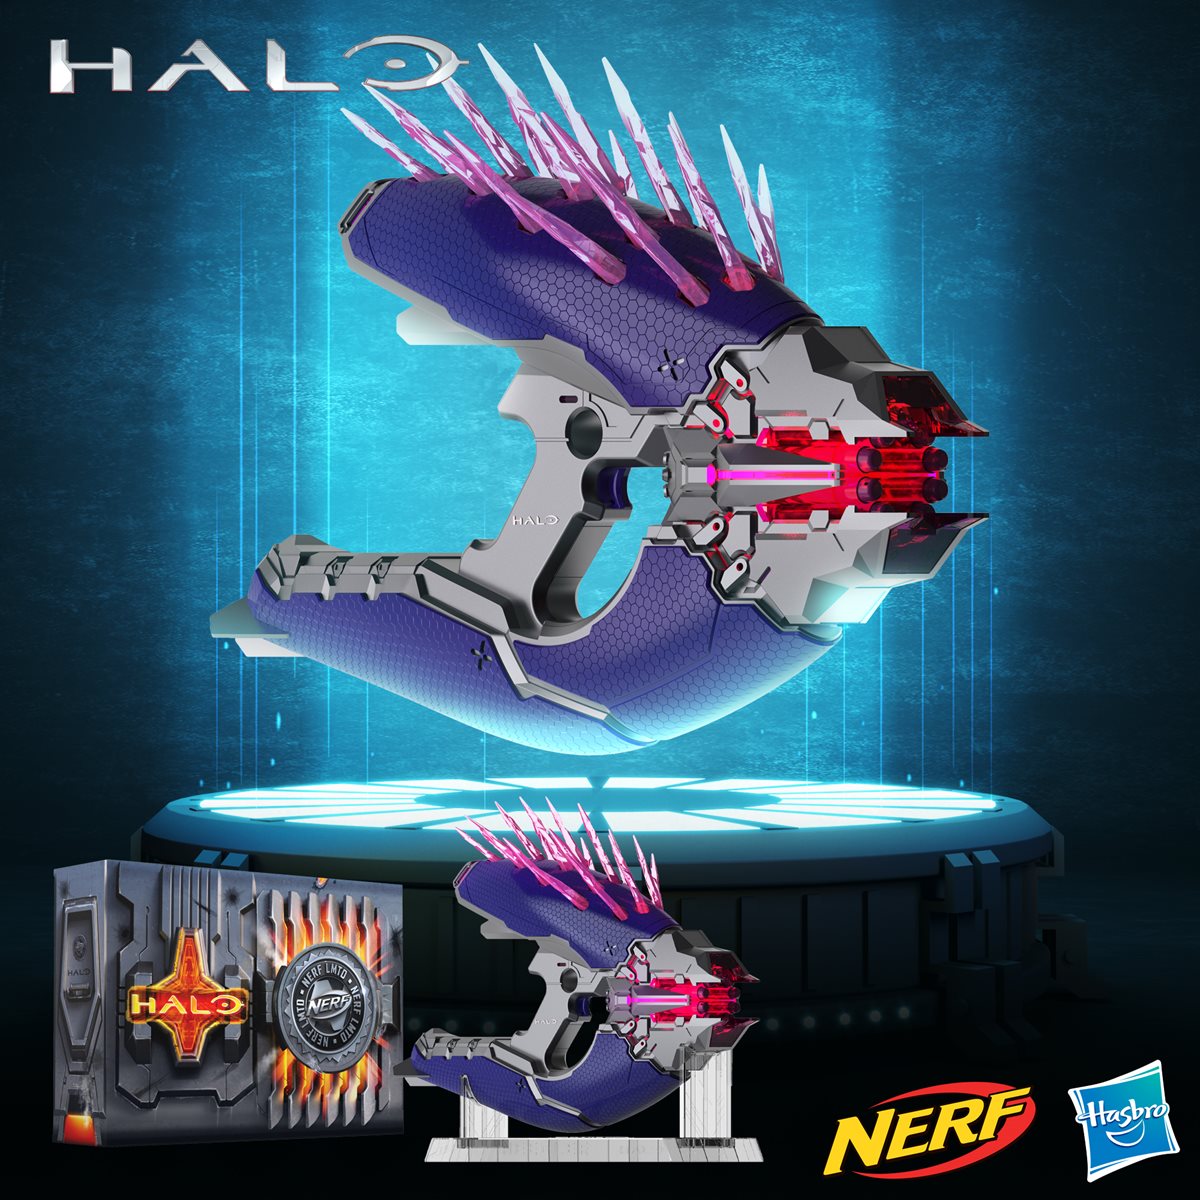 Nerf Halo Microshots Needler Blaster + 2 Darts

◇ ◇ ◇ ◇

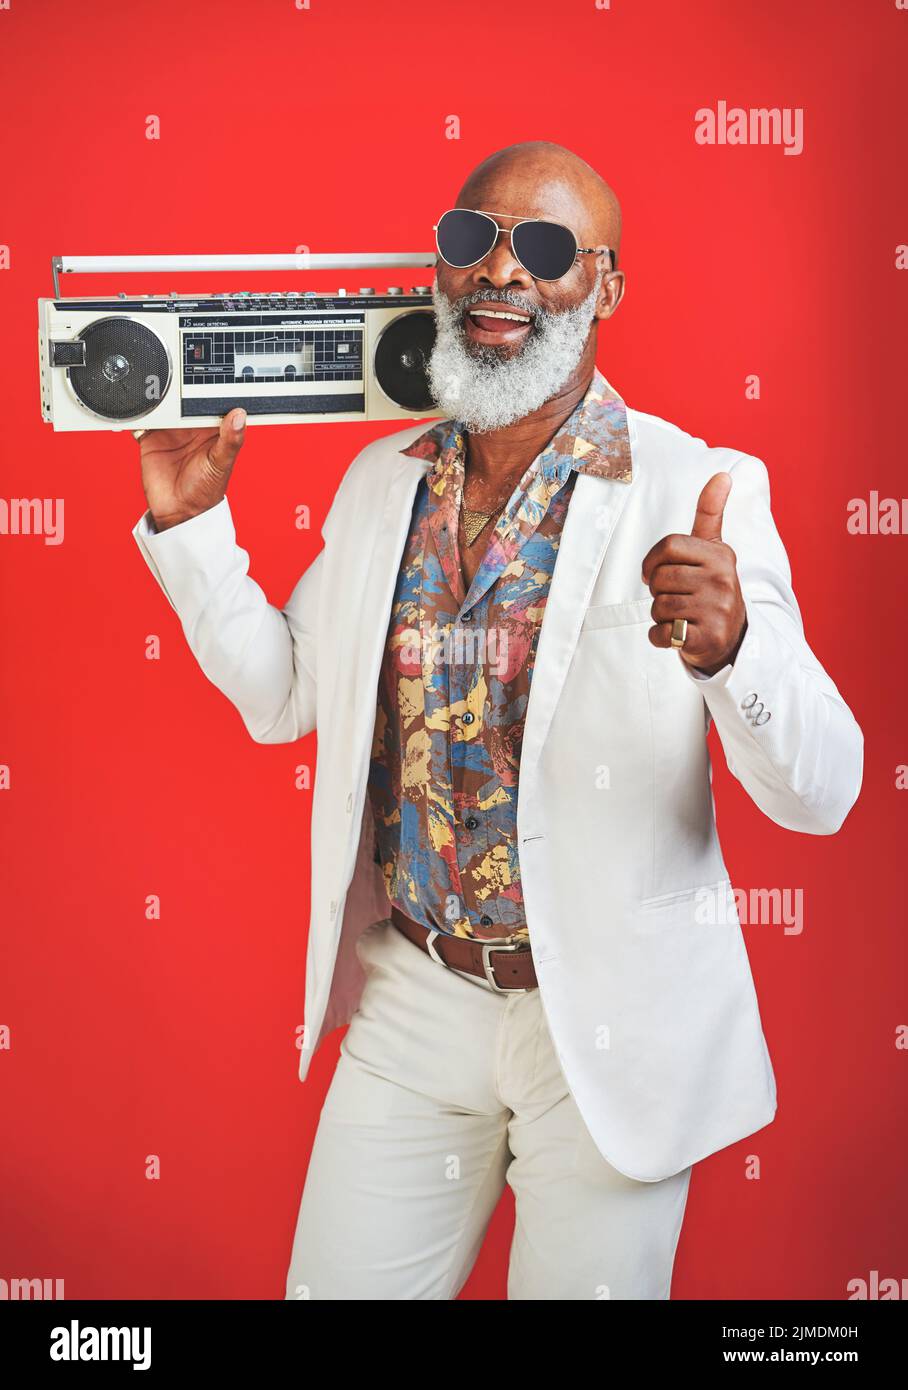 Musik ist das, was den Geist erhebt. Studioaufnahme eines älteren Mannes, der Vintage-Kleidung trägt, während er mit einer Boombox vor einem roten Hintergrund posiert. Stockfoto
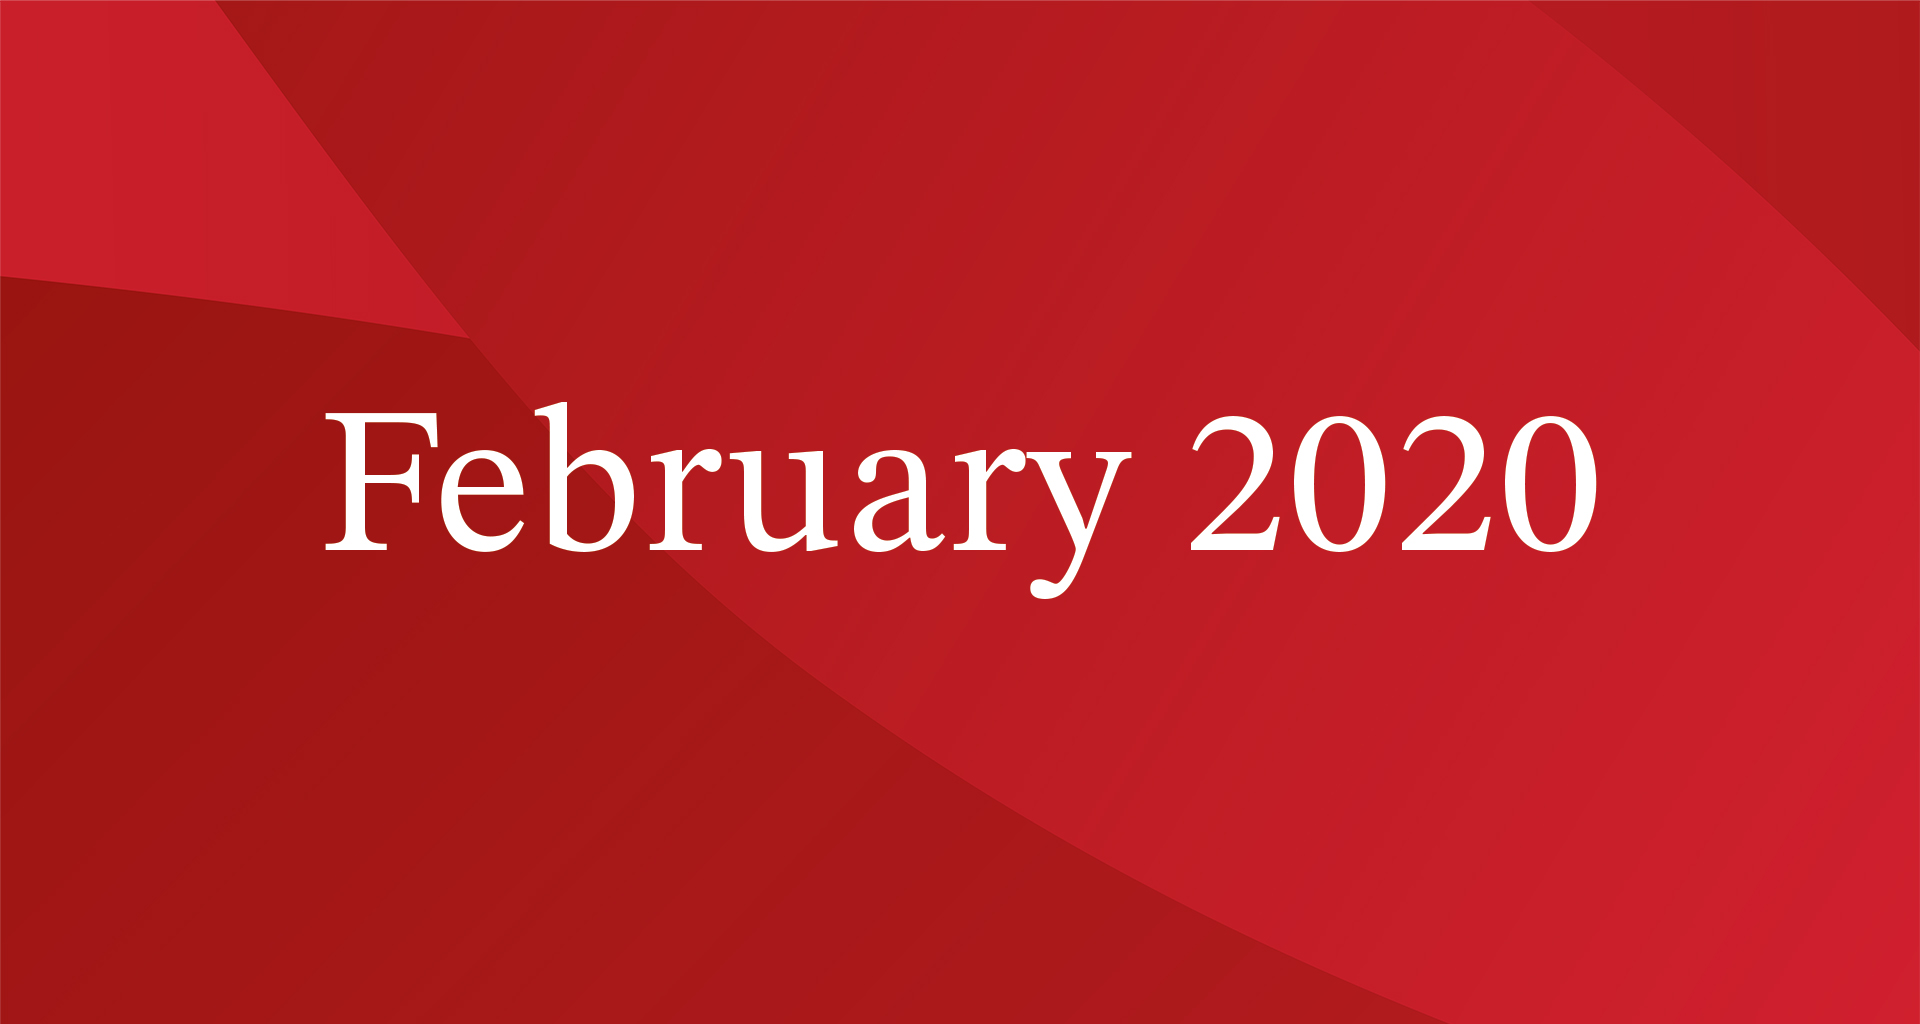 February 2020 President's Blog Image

◇ ◇ ◇ ◇

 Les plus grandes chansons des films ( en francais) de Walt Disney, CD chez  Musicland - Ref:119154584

◇ ◇ ◇ ◇

What to do -
Drop the pictures; return the lines above from the line containing "Musik ist das, was" to the line containing "February 2020 President's Blog Image", both included, exactly.

Response area -
 Musik ist das, was den Geist erhebt. Studioaufnahme eines älteren Mannes, der Vintage-Kleidung trägt, während er mit einer Boombox vor einem roten Hintergrund posiert. Stockfoto
 February 2020 President's Blog Image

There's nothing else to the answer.